Pero con los refranes también hallamos contraejemplos de lo dicho. Ya hace muchas décadas que el antropólogo Pitt Rivers explicó (no viene al caso detallarlo) la teoría de por qué para cada refrán parece existir su contrario ideológico, como «a quien madruga Dios le ayuda» frente a «no por mucho madrugar amanece más temprano». Y así es también en nuestro caso: «Los que no gozan de suegra, no gozan de cosa buena» y «La nuera rogada es bien recibida en casa» (de nuevo del Vocabulario de Correas).

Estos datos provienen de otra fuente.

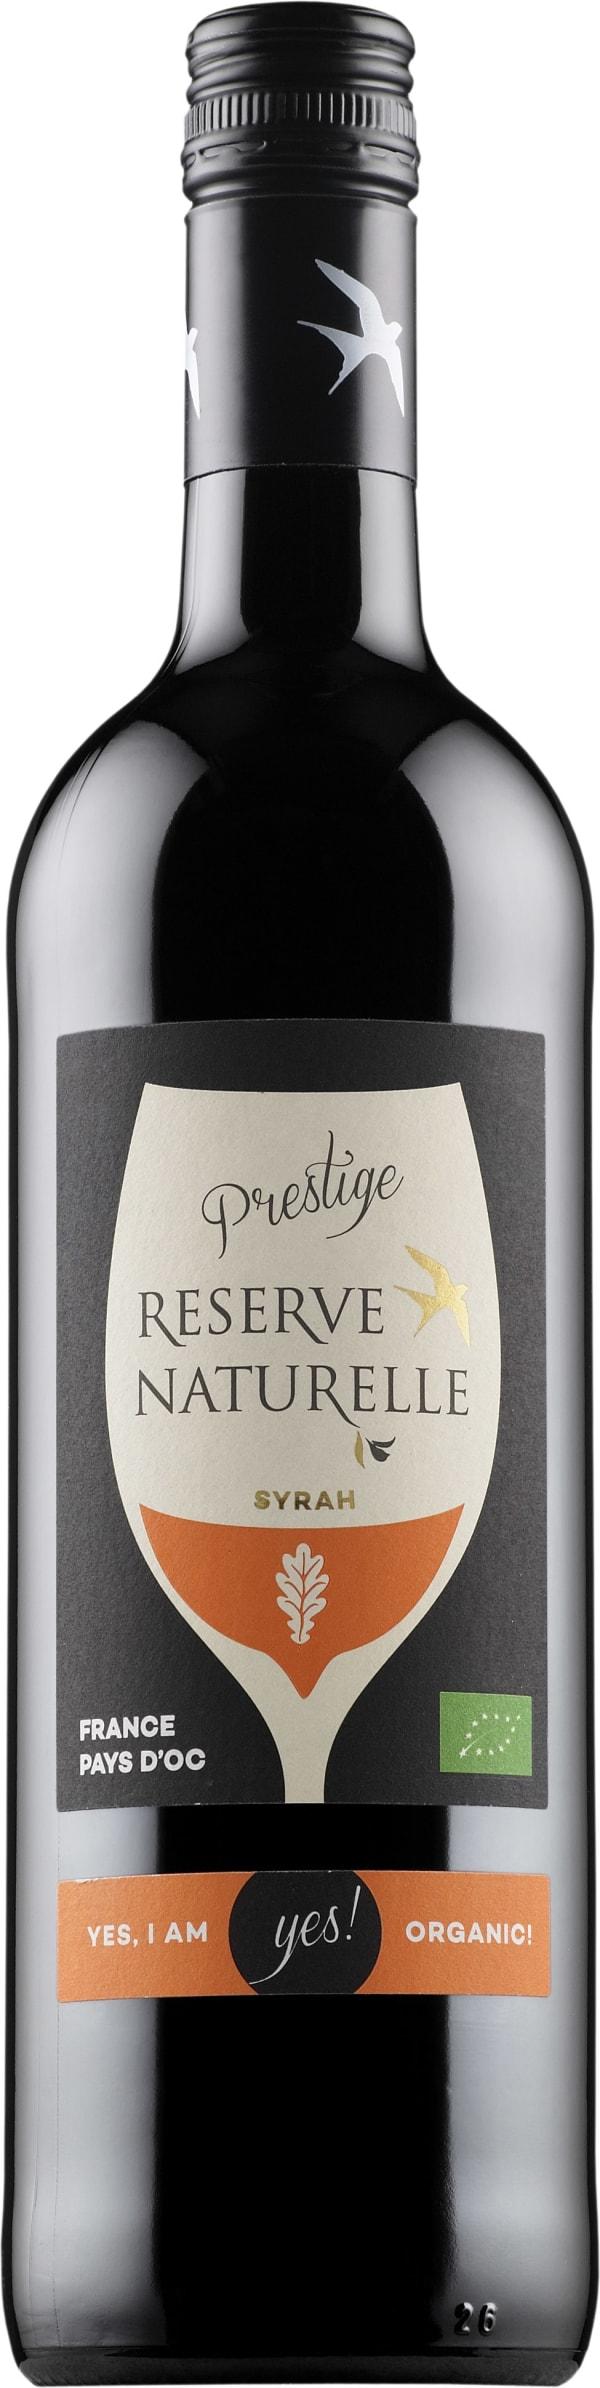 Reserve Naturelle Prestige Syrah 2015

Y con esa magistral concisión con la que nuestros refranes sugieren toda una historieta o una anécdota precedente, muchas generaciones castellanas, al ver el conflicto desde fuera, concluyeron: «La nuera por la suegra, cagáronse en la puerta» (Correas).

Hasta aquí, las risas. Dejo para dentro de unos días las narraciones violentas y trepidantes del romancero hispánico, al que los choques entre nueras y suegras le resultan tan fascinantes como a mí. Y para los que hoy burlan confiados con estas chanzas, sírvales de advertencia la que recopila Jesús Cantera en el Diccionario del refranero sefardí:

Nuera fuites, suegra serás; lo que ficiste te farán.